When you have a rainforest mind, you’re a deep, fast thinker. Your mental capacity is vast. You think, worry, question, ruminate, reckon, critique, imagine, analyze, synthesize, emote, and evaluate. Most of the time. OK. All of the time. 

So, I’m wondering. What about your body? Do you give your body the attention that it deserves? Do you notice your mind-body connection? Are you tuned in to what your body is telling you? Because, if you’re a highly driven creative ruminator-imaginer-analyzer, which, face it, you are, then, your body is not a passive participant. Your whole body is also ruminating, imagining and analyzing.

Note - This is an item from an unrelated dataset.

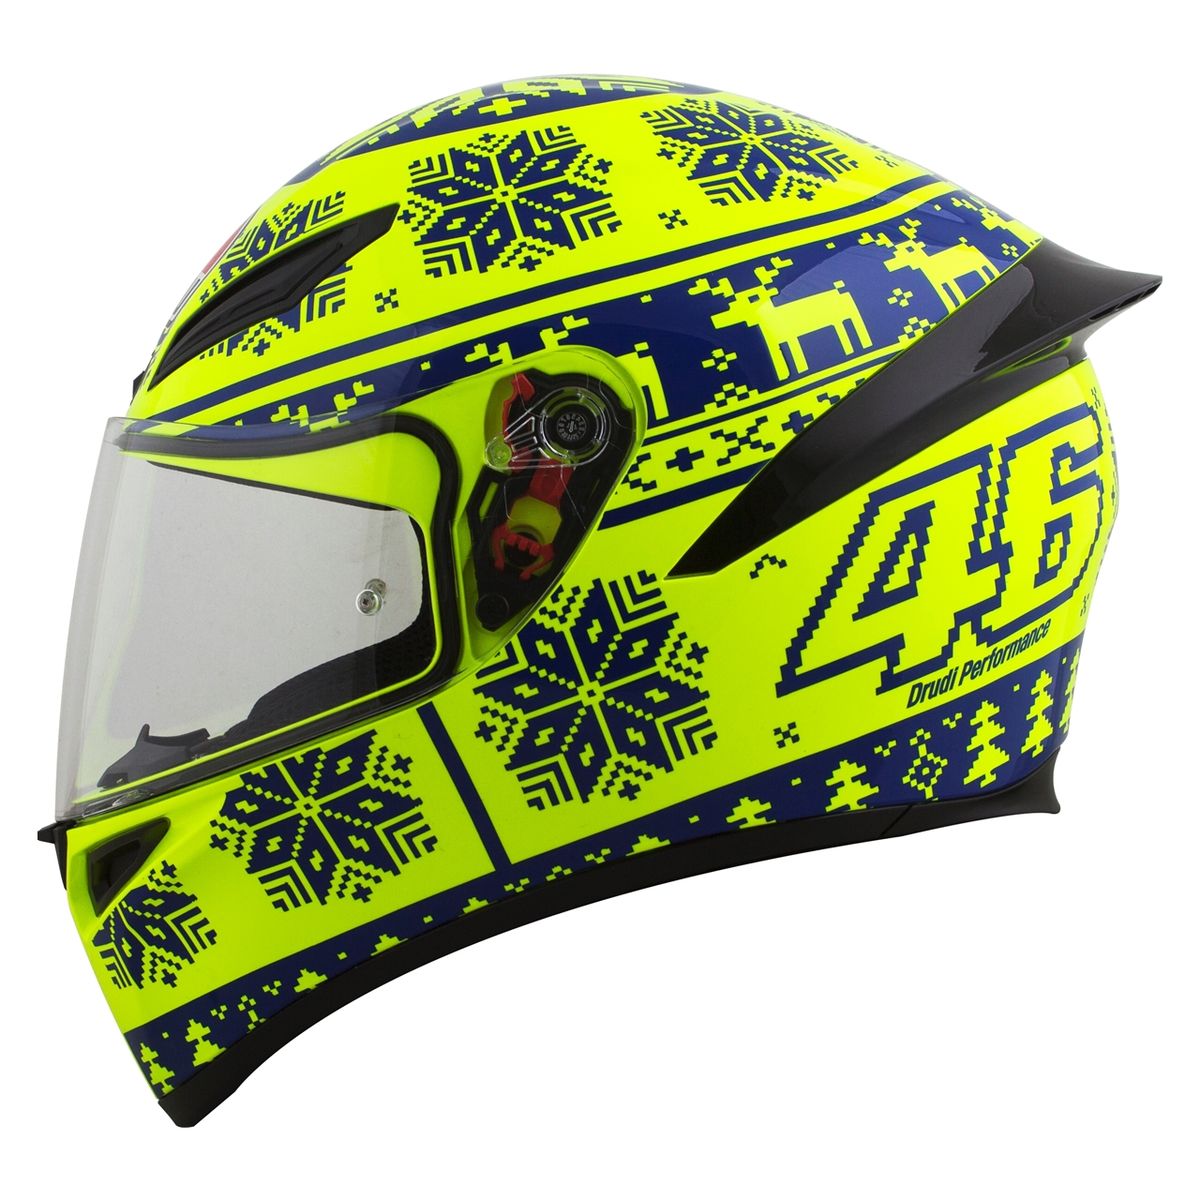 Racing World - RESTOCK! AGV K1 Solid Black Helmet Aerodynamic shape,  racing-developed front air vents and wind-tunnel engineered aero spoiler  maximize performances while providing stability at higher speed. Panoramic  anti-scratch visor allows

This may be obvious to some of you. If so, you can go back to training for that marathon. I’ll see you next time.

If it’s not obvious, listen up.

I’m very aware of my own on-again-off-again relationship with my physical self. It’s been a long-standing conundrum. For most of my life, I’ve been able to ruminate quite well without regard for what my body might be experiencing. But, over the years, I’ve learned that these bones might have something to say. This body might be a source of intuition or wisdom or, dare I say, pleasure. There might be some old trauma that has made its home in my heart that is ready to leave. Or relaxing my neck muscles after a long day of thinking, worrying and questioning could be beneficial.

Who knew?

If you’ve been reading my blog for a while, you know that I awakened my mind-body through the Argentine tango. The tango has been my entry into body-ness.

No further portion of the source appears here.